Reading with music
Joe Boyd: Reading from "White Bicycles"- with music by Geoff Muldaur
Greenwich Village - Folk and Anti-Folk
Since the times of Pete Seeger, New York's folk music scene has gathered in Greenwich Village. In the 1950s, dissatisfied with the elaborately produced commercial popular music and the ever more abstract jazz of the period, folk musicians began to search for simplicity, authenticity and roots. They discovered bluegrass, the blues, gospel, work songs and British murder ballads. Out of these, as well as other nearly forgotten forms, the folk music genre arose. Bob Dylan brought folk music to international audiences in the 1960s. Even today the Village is home to numerous improvised small clubs in which young, and not quite so young, people sing poetic and political songs – usually to the sole accompaniment of a guitar – that take a firm stance against commercially produced pop music. At HKW veterans of 1960s folk will share the stage with young exponents of so-called anti-folk, who are often strongly influenced by punk rock.
Joe Boyd
Joe Boyd played a central role in some of the most important moments in musical history during the 1960s. He describes in great detail in his memoirs White Bicycles.
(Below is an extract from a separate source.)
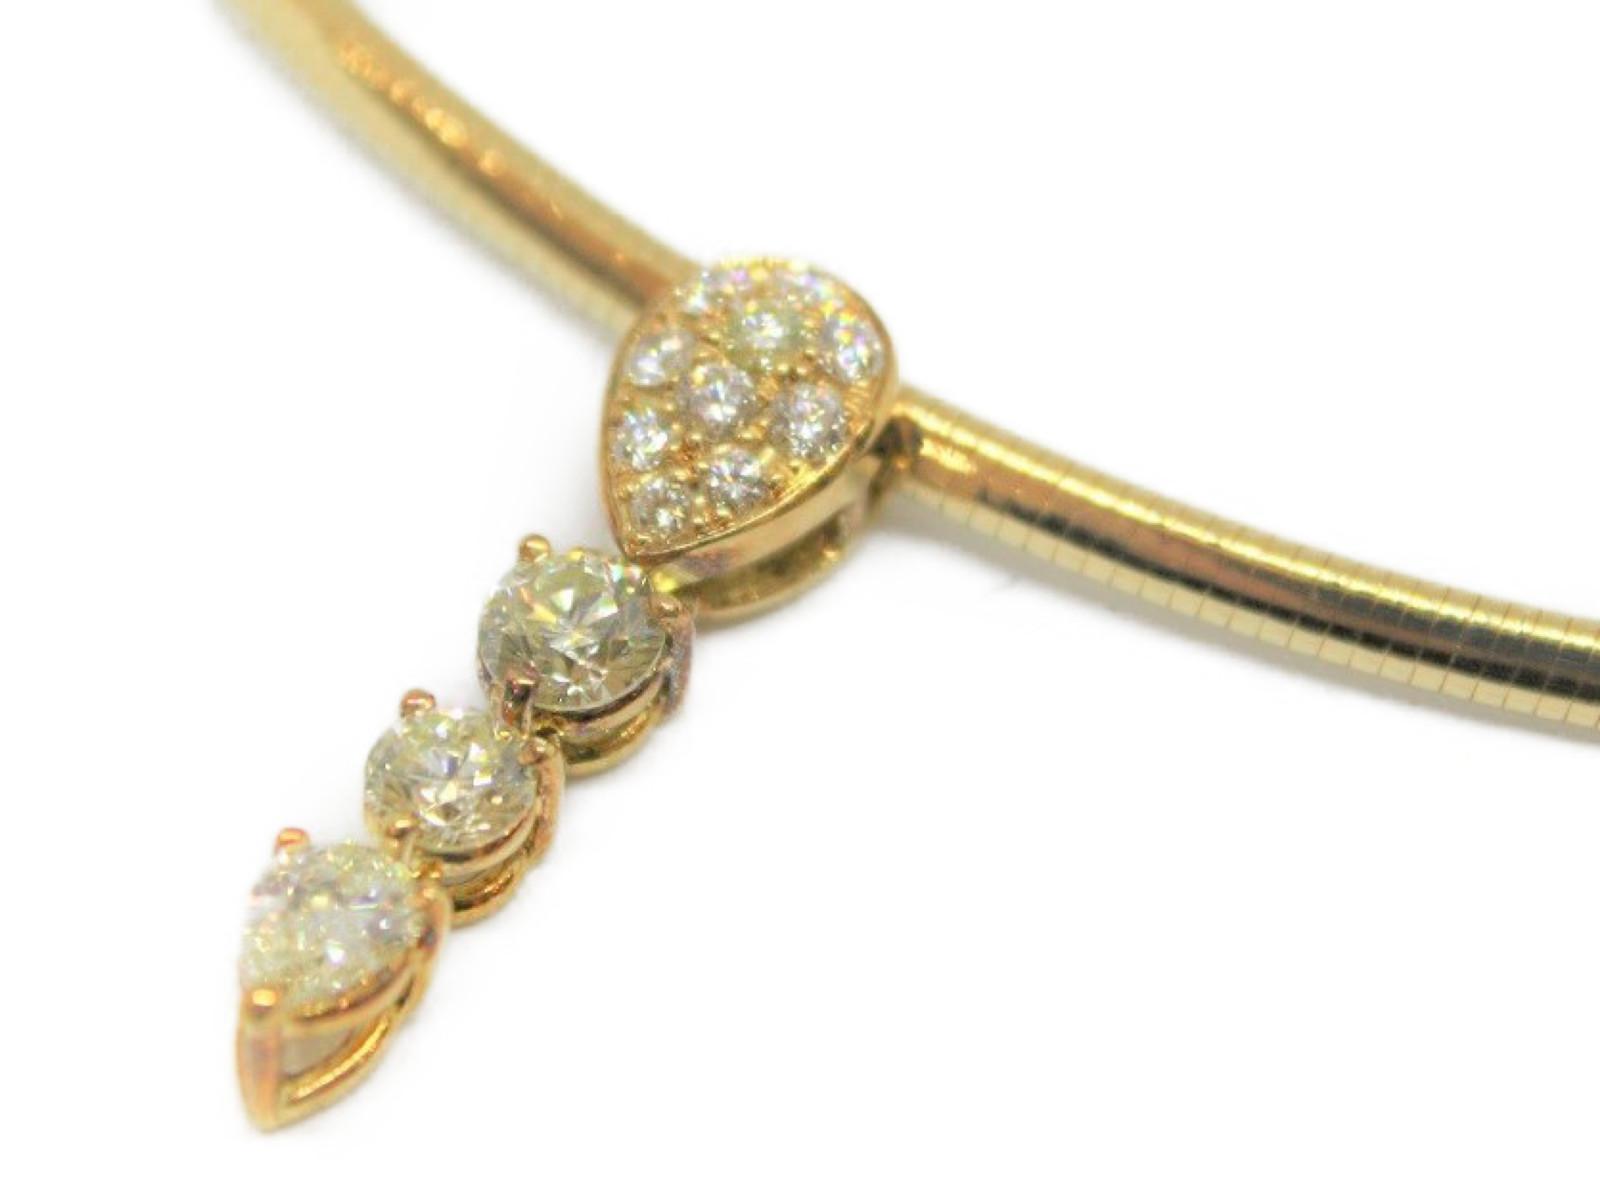 K18 ダイヤモンド デザイン ネックレス 750 4P ダイヤ ペンダントオメガネックレス涙型 しずく型 ゴールド 大人キレイ 宝石 ジュエリー オシャレプレゼントにいかがですか?ギフト包装可 【中古】

He discovered and produced the Pink Floyd, having started his career in 1963 as the music promoter of blues legend Muddy Waters. In London, Joe Boyd founded the Elektra Records label, and repeatedly started new trends in the folk scene during the 1960s and 1970s. In the mid-60s, for example, he co-founded (together with John Hopkins) the legendary UFO Club, operated the Witchseason label, and produced REM, Nick Drake, Maria Muldaur and Billy Bragg – to name just a few.
Geoff Muldaur
As one of the great blues voices on the East Coast, Geoff Muldaur had a seminal influence on the folk, blues and folk-rock scene during the 1960s and 1970s. As a founder-member of the Jim Kweskin Jug Band and the Paul Butterfield Better Days Group, he produced some momentous records and worked with Bonnie Raitt, Eric Von Schmidt and Jerry Garcia, among others. In 1981, he retired as a musician and interpreter from the music scene. Even so, in the mid-1980s he was awarded an Emmy for the film music he had produced. In 1999, Geoff Muldaur started giving concerts again in Europe. ‘There are only three white blues singers, and Geoff Muldaur is at least two of them,’ says the British folk-rock legend Richard Thompson.
The programme "Greenwich Village" is curated by Detlef Diederichsen together with Jeff Lewis, himself an anti-folk singer and a leading connoisseur of the history of the genre.